Direct and indirect effects of insulin on hepatic glucose production in diabetic depancreatized dogs during euglycemia.

Insulin suppresses glucose production (GP) via both extrahepatic (indirect) and hepatic (direct) effects. We have shown that the direct effect, undetectable in moderately hyperglycemic diabetic dogs, is restored by insulin-induced euglycemia. The first aim of the present study was to determine whether euglycemia per se, and not the excess insulin needed to obtain it, restores the direct effect of insulin on GP. Basal insulin was given portally in depancreatized dogs to attain only moderate hyperglycemia, then an additional insulin was given portally or peripherally to match the peripheral insulin levels and thus to obtain a greater hepatic insulinization with portal delivery. Plasma glucose was allowed to fall to euglycemia before a euglycemic clamp was performed. During euglycemia, there was a tendency (P=0.075) for greater suppression of GP by portal than peripheral insulin. Also, there was a significantly different effect of time (P=0.01) on GP in the two groups, with greater suppression over time in the portal group. The second aim was to test the hypothesis that because of inadequate hepatic insulinization and consequent lack of direct inhibition of GP, peripheral insulin replacement requires peripheral hyperinsulinemia to achieve euglycemia. Portal or peripheral insulin was given to achieve euglycemia and basal GP, and insulin levels were measured. More peripheral insulinemia was required with peripheral than portal insulin replacement to maintain similar euglycemia and GP. Our conclusions are as follows: (1) euglycemia per se is sufficient to acutely restore the direct effect of insulin on GP and (2) at euglycemia, peripheral replacement of insulin, as in insulin-treated diabetes, results in peripheral hyperinsulinemia but unchanged basal GP.

Insulin inhibits glucose production by a direct effect in diabetic depancreatized dogs during euglycemia.

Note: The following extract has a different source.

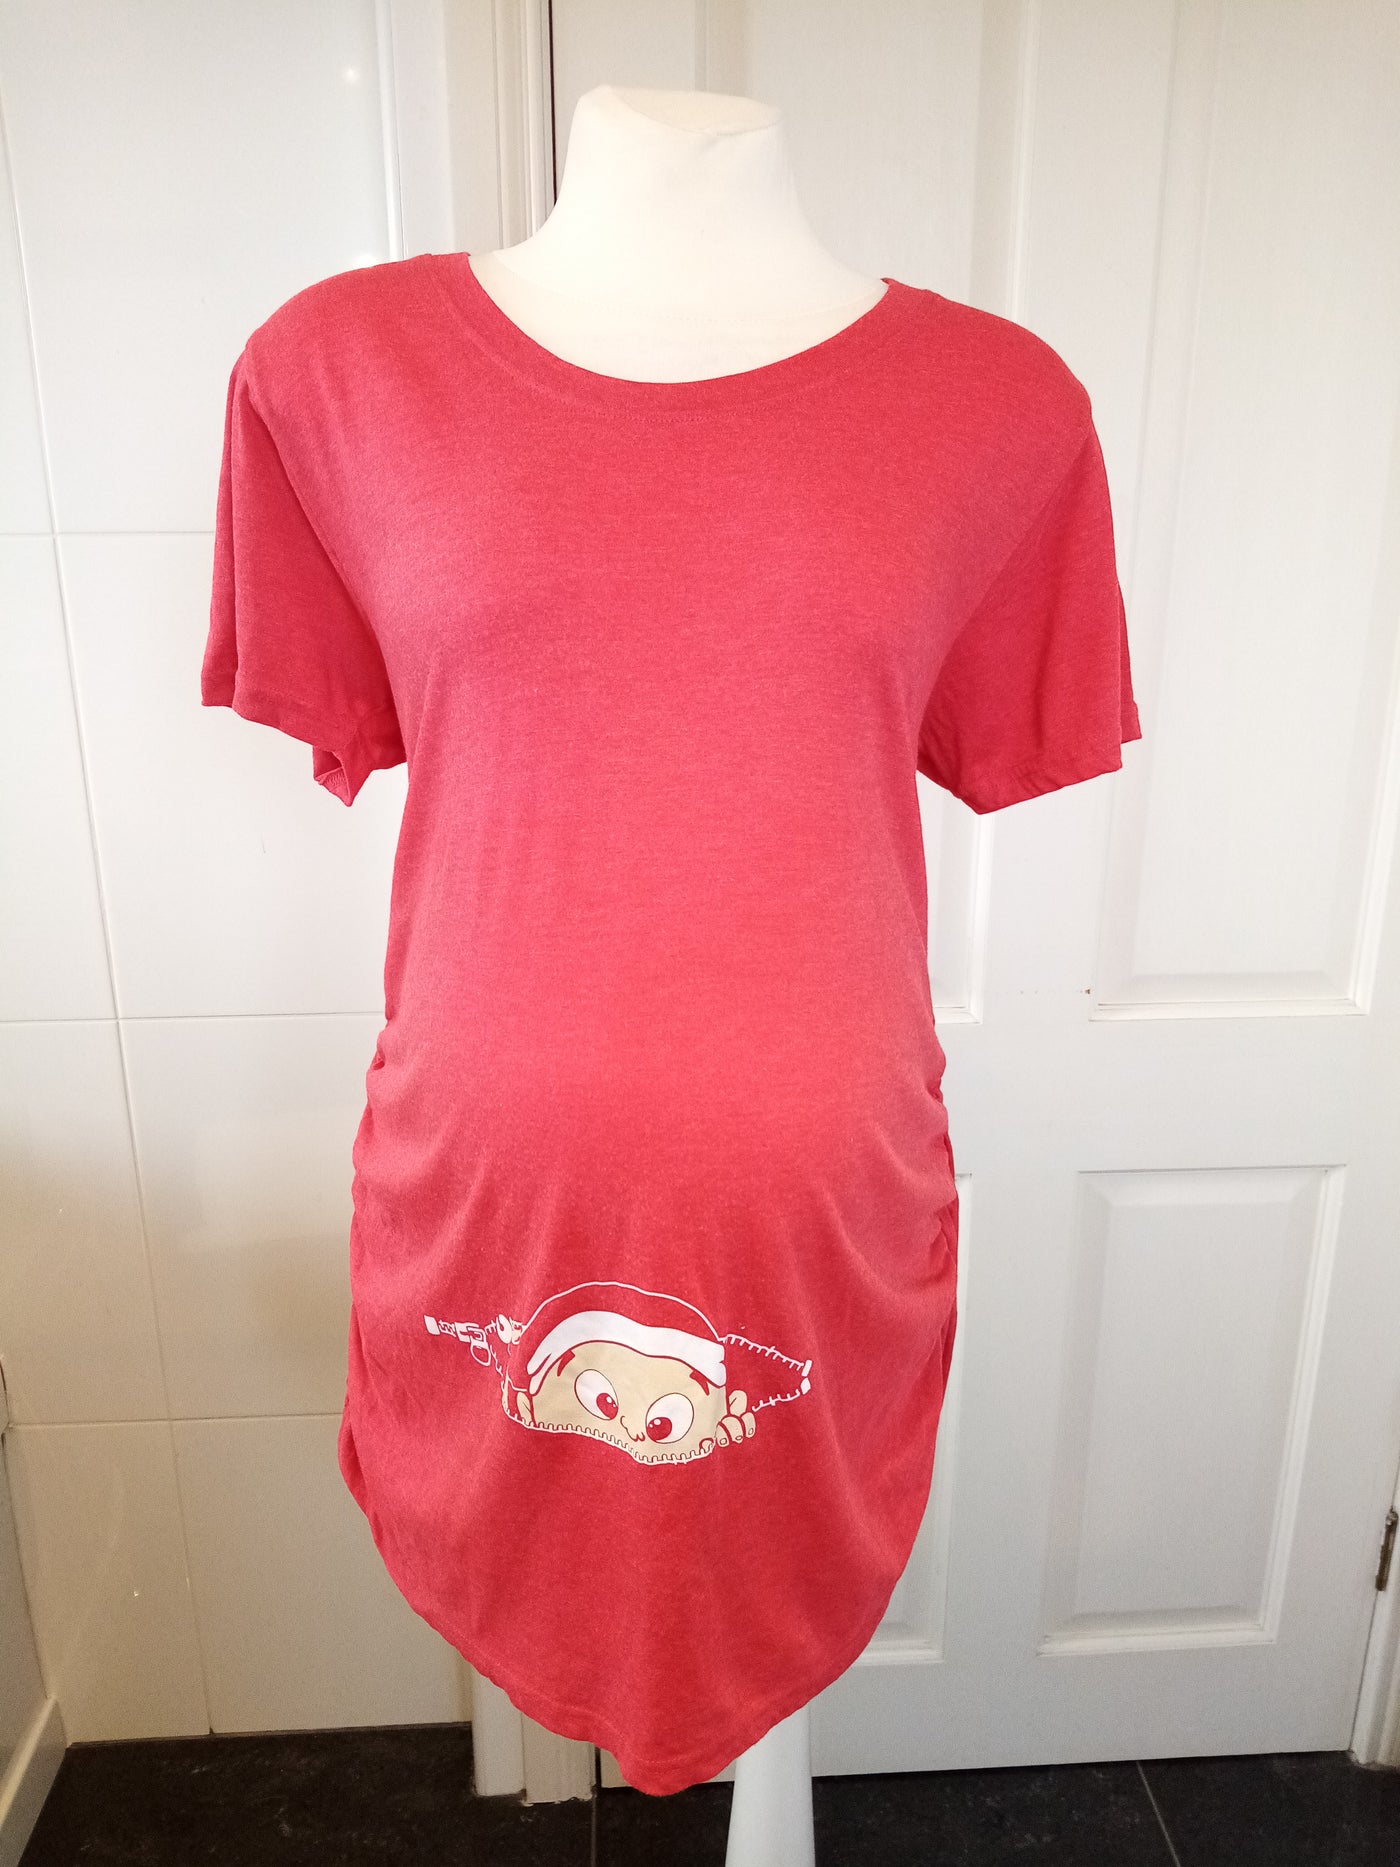 Crazydog T-Shirts Red Peeping Baby t-shirt - Size XL (Approx UK 14)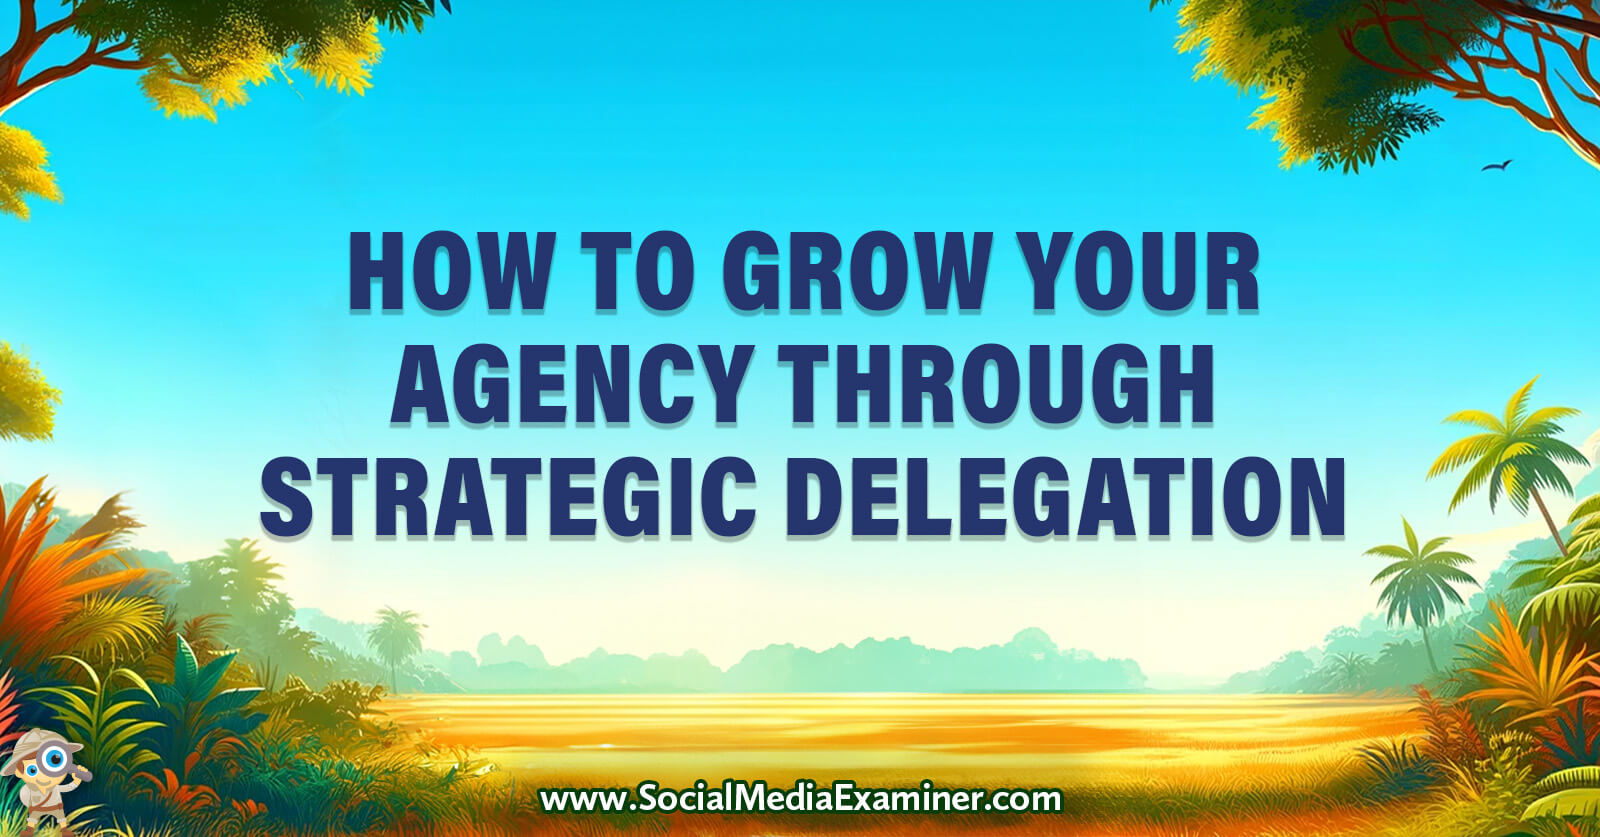 How to Grow Your Agency Through Strategic Delegation by Social Media Examiner

In our previous studies in nondiabetic dogs and humans, insulin suppressed glucose production (GP) by both an indirect extrahepatic and a direct hepatic effect. However, insulin had no direct effect on GP in diabetic depancreatized dogs under conditions of moderate hyperglycemia. The present study was designed to investigate whether insulin can inhibit GP by a direct effect in this model under conditions of euglycemia. Depancreatized dogs were made euglycemic (approximately 6 mmol/l), rather than moderately hyperglycemic (approximately 10 mmol/l) as in our previous studies, by basal portal insulin infusion. After approximately 100 min of euglycemia, a hyperinsulinemic euglycemic clamp was performed by giving an additional infusion of insulin either portally (POR) or peripherally at about one-half the rate (1/2 PER) to match the peripheral venous insulin concentrations. The greater hepatic insulin load in POR resulted in greater suppression of GP (from 16.5 +/- 1.8 to 12.2 +/- 1.6 micromol. kg(-1). min(-1)) than 1/2 PER (from 17.8 +/- 1.9 to 15.6 +/- 2.0 micromol. kg(-1). min(-1), P < 0.001 vs. POR), consistent with insulin having a direct hepatic effect in suppressing GP. We conclude that the direct effect of insulin to inhibit GP is present in diabetic depancreatized dogs under conditions of acutely induced euglycemia. These results suggest that, in diabetes, the prevailing glycemic level is a determinant of the balance between insulin's direct and indirect effects on GP.